The Legend of Game & Watch
Long before the Game Boy, Nintendo released a handheld LCD game series called Game & Watch. The units only played one game apiece, and they displayed prefabricated liquid crystal graphics that darkened or turned invisible at the right time during game play.
As Nintendo's home video games became more popular, the company began producing Game & Watch units that tied in to their popular franchises. The Legend of Zelda was no exception - it received a special "Zelda" two-screen clamshell Game & Watch unit in 1989 (seen here).
(Photos by Lette Moloney)
Hyrule in 3D
In 2009, Zelda fan Glen Forrester posted a work-in-progress re-imagining of The Legend of Zelda on TIGForums. While Zelda fan games are far from rare, this one had a unique twist: it took the original NES graphics and rendered them in a fluid, first-person 3D view. So far, Glen has only translated some of the dungeons into his 3D world, but he plans to expand it to the whole game eventually. For now, you can check out his work here.
(Image by Glen Forrester)
Zelda in the Sky
The Satellaview adapter for the Super Famicom (the Japanese Super NES) is one of the weirdest console add-ons ever. It allowed Super Famicom owners to download games that were broadcast over a satellite TV hookup and save them on rewritable game cartridges.

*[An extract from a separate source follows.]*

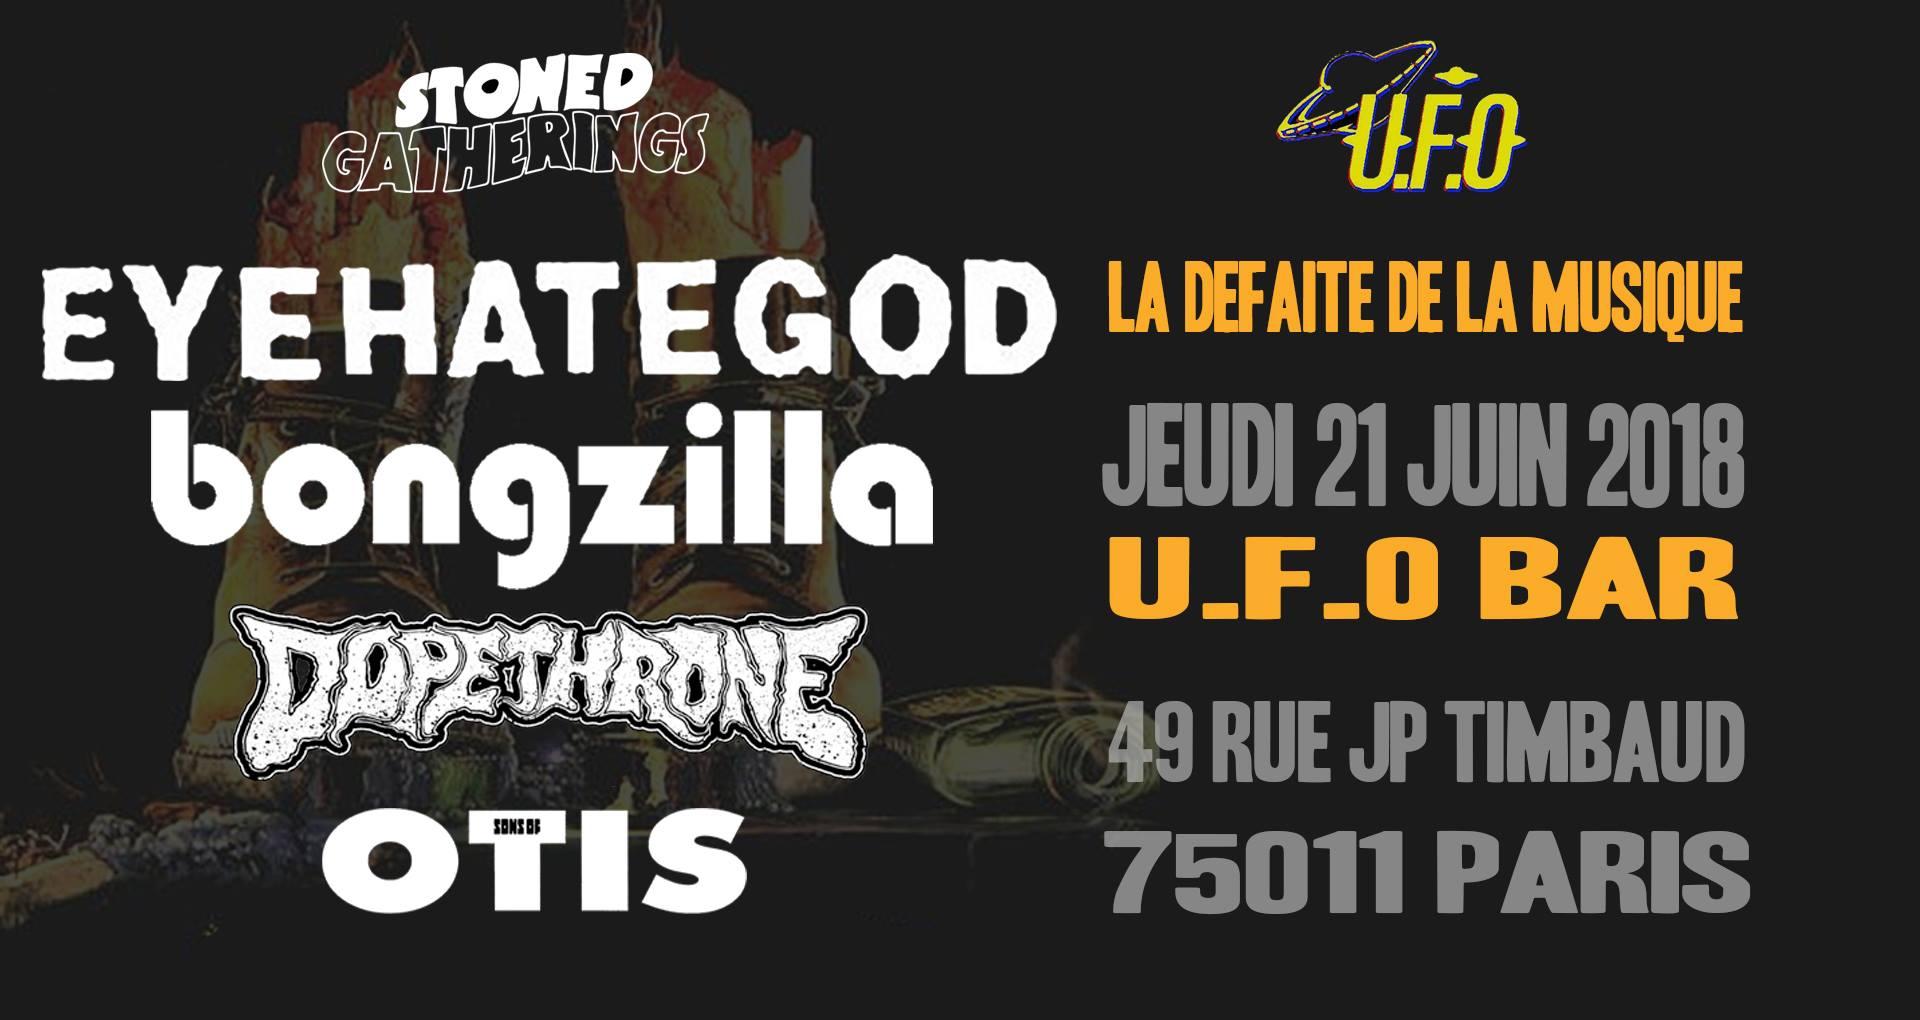 La défaite de la Musique w/ Eyehategod + Bongzilla + Dopethrone + Sons Of Otis @ U.F.O. Bar (Paris), le 21 Juin 2018

One of these games was a graphical upgrade to the original NES Legend of Zelda. It was broadcast in four weekly episodes in 1995, and it featured a number of additions such as the ability to chose a male or female protagonist. It's possible to play this rare version of Zelda today if you find the right (illicit) files floating around the Internet.
(Photo by Muband)
Shouting in the Darkness
The Legend of Zelda's first commercial (1987) in the United States was a strange affair. It featured comedian John Kassir leaping around in a darkened room while shouting names of various Zelda monsters, inter-cut with actual shots of the game itself. To get the feel of it, you really have to watch it yourself. YouTube to the rescue.
Also on YouTube, you can find another early Zelda commercial featuring two game-playing nerds. It's worth watching for the die-hard Zelda fan.
Zelda Game Watch
In the 1980s and 90s, Nelsonic Industries produced a line of digital wristwatches that featured playable LCD games built-in, similar to Nintendo's Game & Watch series and the famous Tiger electronic games of the same era.
The Legend of Zelda received its own Game Watch in 1989. In the game, Link must defeat four dungeons, each with four rooms. At the end of every dungeon, Link must face a main boss that drops a Triforce piece when defeated. After that, the game ends and it's back to telling the time.
(Photos by Adam Harras / Digital Watch Library)
The Hyrule Fantasy
You're looking at part of an original Japanese magazine advertisement for The Hyrule Fantasy: Legend of Zelda from 1986. You can see the full version here. It shows an innocent cartoon Link and Princess Zelda, reminding us that the series has come a long way in the last 25 years.